Mickey Wardlaw levantó una mano. Su rostro mostraba una gran sonrisa asustada y conciliadora.
– Yo no te daré problemas, hermano -dijo-. Haz lo que tengas que hacer. -Y le hizo la señal de la paz.
– Eso haré -dijo Junior-. Hermano.
Disparó a Mickey. El grandullón cayó al suelo, y la señal de la paz enmarcó el agujero de su cabeza que hasta hacía poco había contenido un ojo. El otro ojo levantó la mirada para contemplar a Junior con la estúpida humildad de una oveja que mira el redil donde la van a esquilar. Junior le disparó otra vez, solo para asegurarse. Después miró alrededor. Por lo visto, tenía todo aquel sitio para él solo.
– Vale -dijo-. Vale.
Fue hacia la escalera, después regresó junto al cadáver de Stacey Moggin. Comprobó que llevaba una Beretta Taurus como la de él y le sacó el cargador a la suya. Lo reemplazó con uno lleno del cinturón de la agente.

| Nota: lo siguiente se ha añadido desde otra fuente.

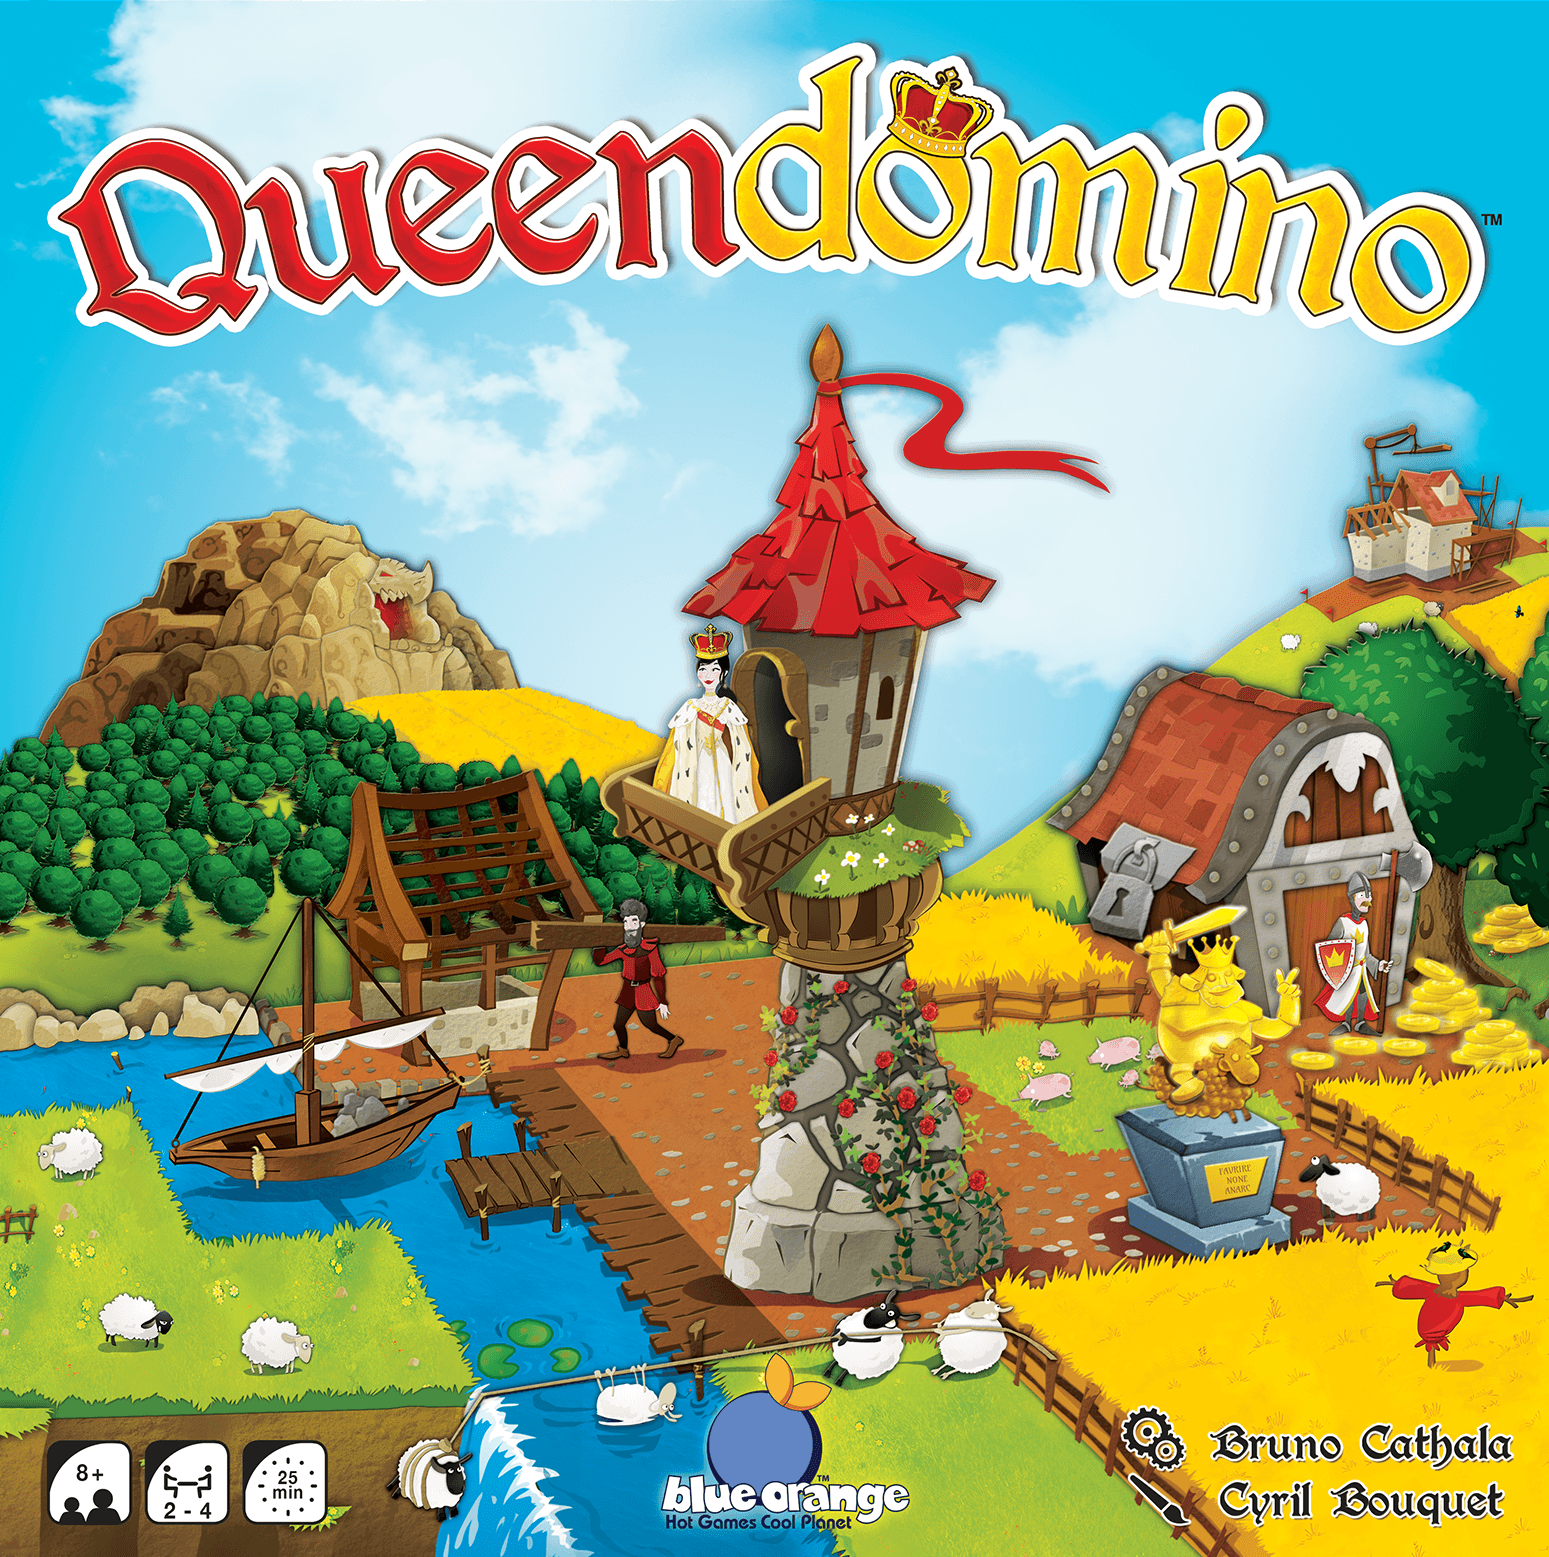 משחק הלוח הקמעונאי Queendomino (מהדורה קמעונאית) Blackrock Games KS800552A

Junior se volvió, se tambaleó, cayó apoyándose en una rodilla y volvió a levantarse. La mancha negra del lado izquierdo de su campo visual era ya tan grande como una tapa de alcantarilla, y eso le hizo pensar que debía de tener el ojo izquierdo bastante jodido. Bueno, no pasaba nada; de todas formas, si necesitaba más de un ojo para disparar a un hombre encerrado en una celda, es que no valía un pimiento de chorlito. Cruzó la sala de agentes, resbaló con la sangre del difunto Mickey Wardlaw y casi se cayó otra vez, pero logró agarrarse a tiempo. La cabeza le martilleaba, pero él lo agradeció. Me mantiene despierto, pensó.
– Hola, Baaarbie -gritó hacia el final de la escalera-. Sé lo que me has hecho y voy a por ti. Si tienes alguna oración que rezar, más te vale que sea corta.
Rusty vio las piernas que bajaban cojeando la escalera metálica. Percibió el olor a pólvora de los disparos, y también a sangre, y comprendió con claridad que le había llegado la hora de morir. El hombre que cojeaba había ido a buscar a Barbie, pero estaba casi seguro de que no se dejaría por el camino a cierto asistente médico encerrado entre barrotes. Nunca volvería a ver a Linda ni a las pequeñas J.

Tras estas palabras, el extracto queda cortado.